For instance, texting 911 gives Americans with speech and hearing impairments direct access to a 911 operator. And texting is practically the mother tongue of today’s teens, who might feel more comfortable or more natural drafting an SMS before finding the dial screen.

There are also serious situations in which uttering a word would make the situation even more dangerous. We learned that, in the case of Virginia Tech, a number of the students there were trying to text to 911 or texting to their friends about the situations they were in, simply because they couldn’t talk for fear of their lives,” Brian Fontes, NENA’s CEO, told CNET, adding that the same scenario applies to situations of domestic abuse.

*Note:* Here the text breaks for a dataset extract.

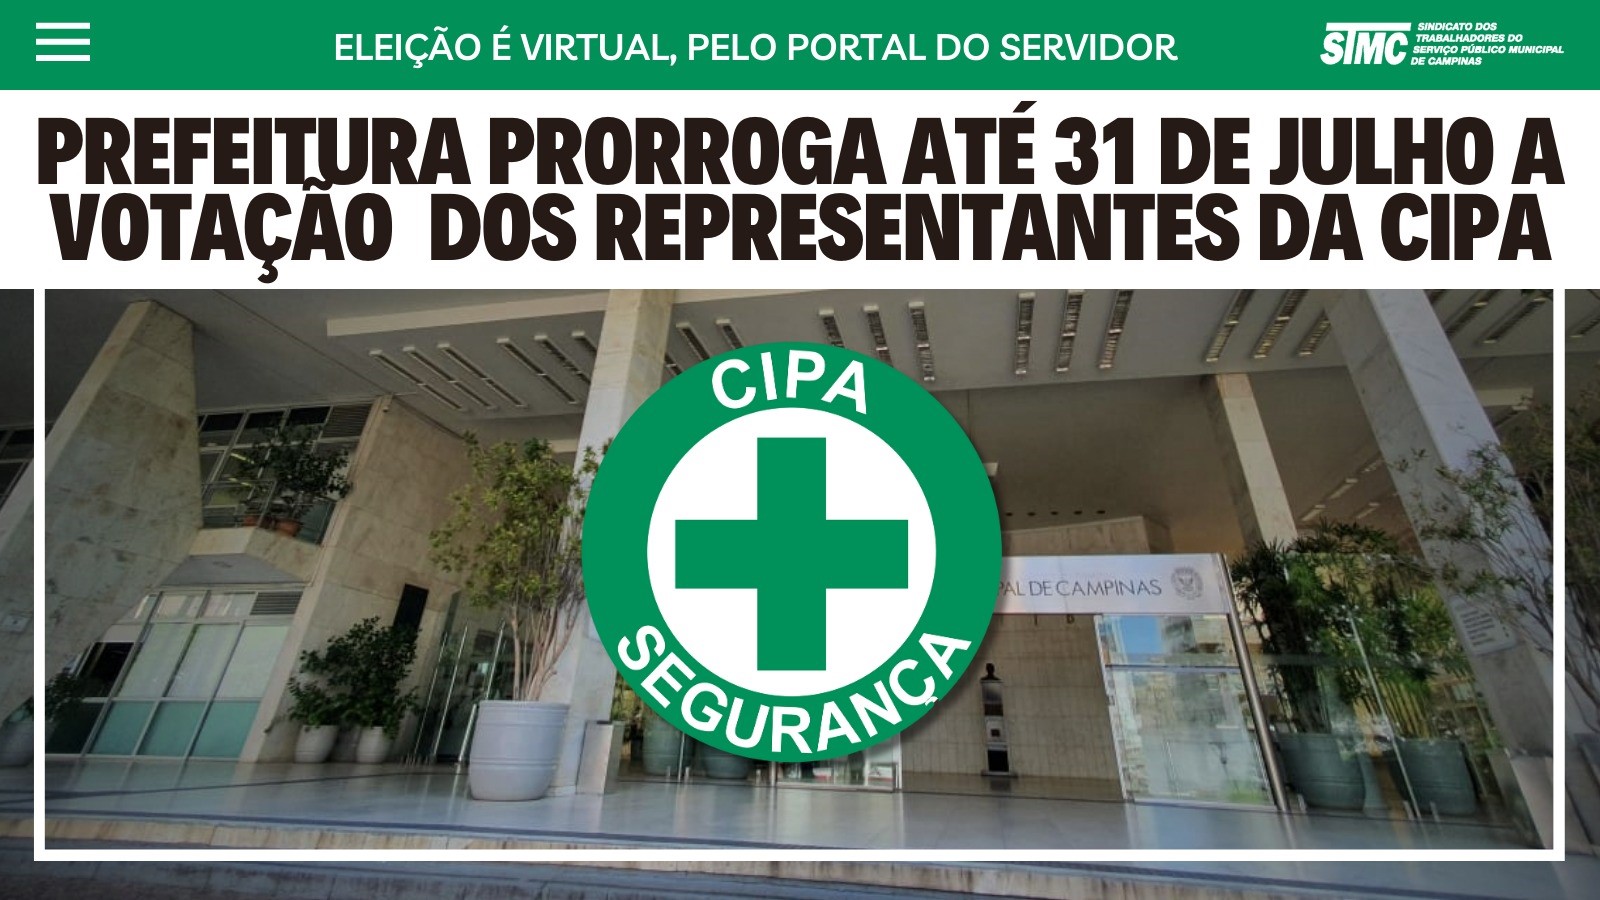 CIPA DA PREFEITURA: Votação foi prorrogada para até 31 de julho.

“Text-to-911 will prove to be beneficial for many reasons, including persons with speech or hearing impairments, and the younger generation that is more in-tune to text messaging instead of telephone conversations.”

“Call if you can — text if you can’t” is the slogan developed by the Federal Communications Commission (FCC) as the new technology makes its debut.

Additional information about Text-to-911 can be found at the Federal Communications Commission (FCC) website https://www.fcc.gov/guides/text-911-quick-facts-faqs or the National Emergency Number Association (NENA) website https://www.nena.org/?page=textresources.

Below are the Federal Communications Commission (FCC) guidelines for how to contact 9-1-1.  If you use a wireless phone or other type of mobile device, make sure to do the following in an emergency:

  • If you can, always contact 9-1-1 by making a voice call, “Call if you can – text if you can’t.”
  • If you are deaf, hard-of-hearing or speech disabled, and Text-to- 9-1-1 is not available, use a TTY or telecommunications relay service, if available.
  • If you text 9-1-1 and text is not available in your area, you will receive a bounce back message advising “text is not available please make a voice call to 9-1-1.”
  • Location accuracy varies by carrier and should not be relied upon. Be prepared to give your location.
  • Text-to-9-1-1 service will not be available if the wireless carrier cannot ascertain a location of the device sending the message.
  • Text-to-9-1-1 is not available if you are “roaming”.
  • A text or data plan is required to place a text to 9-1-1.
  • Photos and videos cannot be sent to 9-1-1. They cannot be received at the 9-1-1 center at this time. This feature should be built into standard systems at a later time.
  • Text messages should be sent in plain language and not contain popular abbreviations (SMH, LOL, ICYMI) or emoji’s, which will not be recognized.
  • Text-to- 9-1-1 cannot be sent to more than one person. Do not send your emergency text to anyone other than 9-1-1.
  • Texts must be in English only. There currently is no language interpretation for text available.  This is still in development.

There are a few important tips to remember when texting to 9-1-1:

  • Provide your LOCATION with every call. PSAPs do NOT automatically know your location when texting to 911.
  • Provide a description of what the emergency is with every call
  • Send brief messages without using abbreviations or slang.
  • Stay with your wireless device and be prepared to answer questions and follow instructions from the 9-1-1 dispatcher.
  • No pictures, no videos and no emoticons are supported by text to 9-1-1
  • Text to 9-1-1 is for emergencies only!